Proposed geothermal plant draws fire in Nevada desert town
RENO, Nev. (AP) — Renewable energy power plants have their place — but not in Gerlach, say many residents of the town about 100 miles (161 kilometers) north of Reno.
The community of about 100 is fired up about a geothermal project proposed by Reno-based Ormat Technologies Inc., which would sit less than a 1 mile (1.6 kilometers) outside the town on the edge of the Black Rock Desert where the Burning Man counter-culture festival has been held for decades, the Reno Gazette Journal reports.
“Nope, rewards aren’t worth the damages,” Jim Hallman wrote on a Facebook thread about the proposed project.
“I don’t like anything that messes with our dark skies and am very concerned what this will do to our water supply,” Cindy Carter added.
The Gerlach Geothermal Development Project would add two new power plants in the area, each producing 24 megawatts of electricity per hour, as well as an electrical substation, up to 23 geothermal production and injection wells, 4.6 miles of above-ground pipelines, access roads and a 26-mile (42-km) overhead power line running from the power plants to the North Valley Substation in the San Emidio Desert.
The plants would be built on both U.S. Bureau of Land Management and privately held land.
The San Emidio 11-megawatt facility is another Ormat project southwest of Gerlach that reached commercial operation in 2012.
According to the Bureau of Land Management, the proposed project would generate low voltage power at the new facility by pumping geothermal liquid to the surface through the production wells, circulating the liquid in a production system and then re-injecting the liquid back into underground geothermal reservoirs.
The above-ground pipelines would move the liquids from the wells to the power plants and back to the injection wells, and the overhead power line would move the energy to the North Valley Substation for transport to the commercial market.
Ormat is in the initial scoping phase of the project and any development at the site is several years out if it shows to be a good spot to construct the plant, according to Paul Thomsen, vice president of business development.
Thomsen said Ormat’s plants are zero emissions and low profile.
“We are very conscientious about groundwater pollution and the sage grouse.

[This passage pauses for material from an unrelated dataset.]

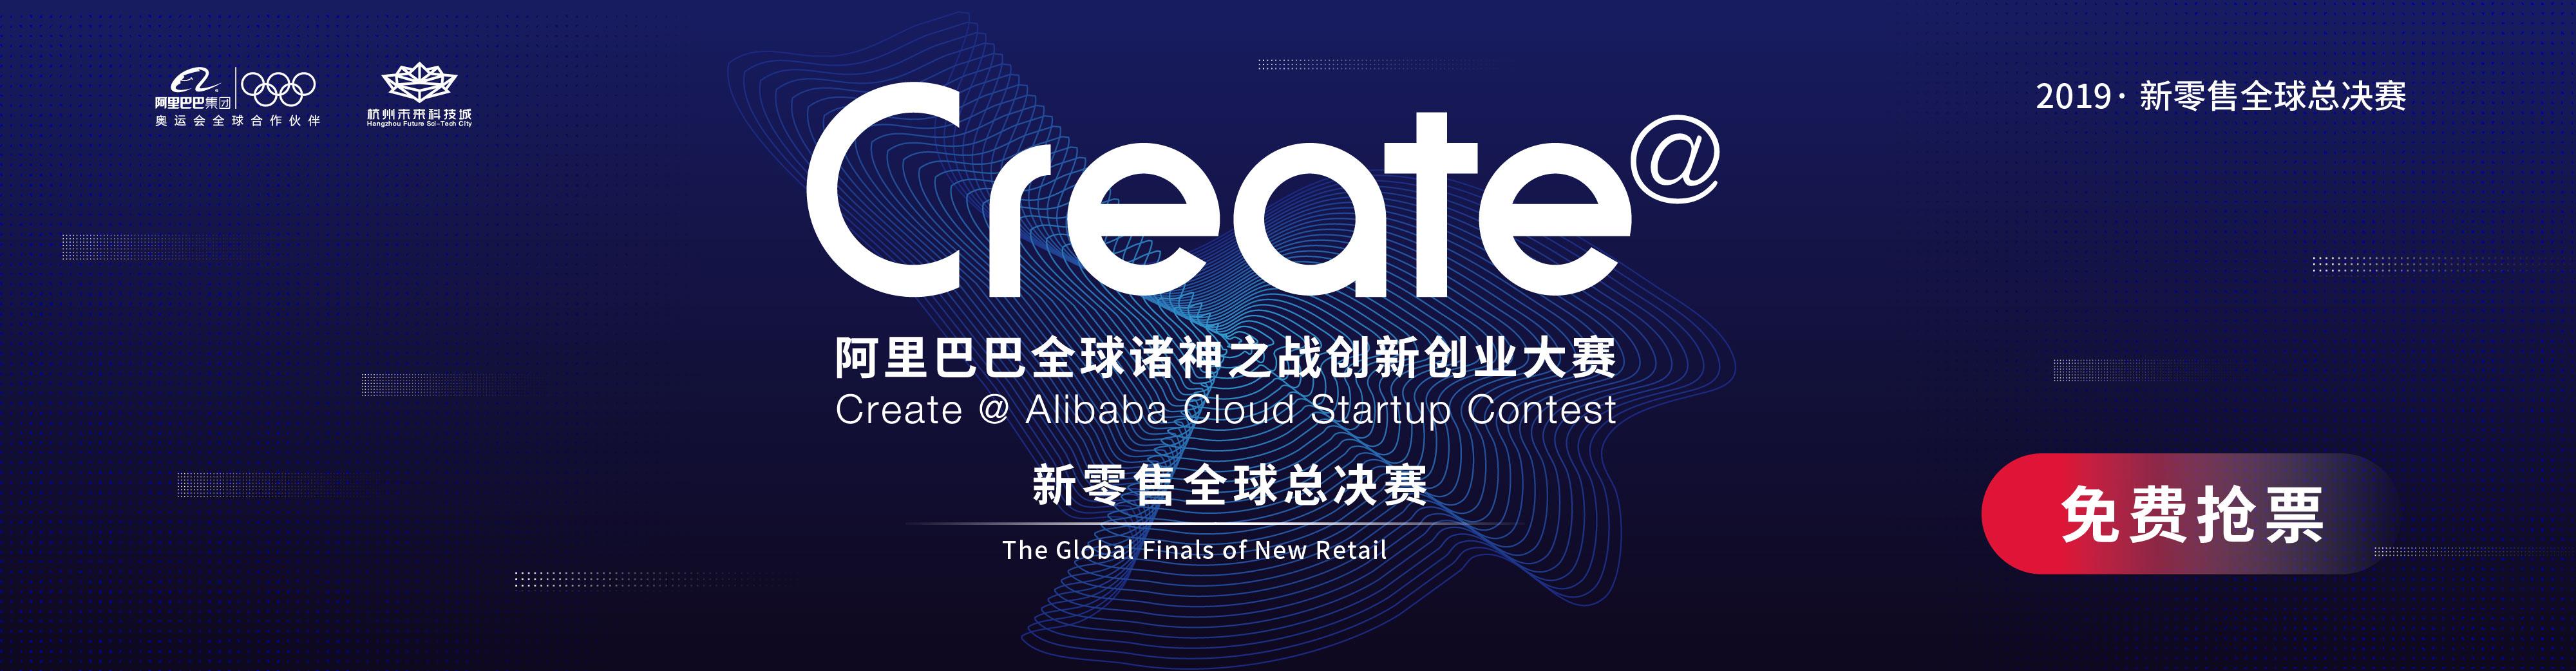 2019阿里巴巴全球诸神之战创新创业大赛新零售全球总决赛

We take a very cautious approach,” he said.
The BLM is analyzing the environmental effects of the project and is still determining if an environmental assessment will be prepared for it. Public comment on the project is being accepted through Nov. 30.
“It certainly will change Gerlach forever, and I’m very conflicted as to is this a good thing or not so good because of the impact it will have on the neighborhood. We will have to wait and see,” Gerlach resident Laura Blaylock told the Gazette Journal. “It’s certainly a done deal. They already are in the neighborhood over at Empire and already have the leases.”
Twenty-two residents gathered at a meeting this week to discuss the project.
“Because we already have a geothermal plant out here in San Emidio Valley, we kind of knew what was coming,” Elisabeth Gambrell said afterward.
She also has concerns about the project impacting the town’s viewshed and watershed. “We rely on tourism. Do we want two plants, pipelines and wellheads running across the face of our desert? Plus, we’re noted for our dark skies. It’s peaceful and quiet out here. Do we really want humming?”
The BLM recently wrapped up a public comment period on another proposal by Ormat to expand its North Valley Substation.
The San Emidio II North Valley Geothermal Development Project would expand the current 24,000-acre unit by potentially building a new power plant to produce up to 40 megawatts of electricity, as well as a substation, up to 26 production and injection wells, 7.5 miles (12 km) of above ground pipelines and a 58-mile-long (93-km) overhead power line that would run to the NV Energy Eagle Substation near Fernley.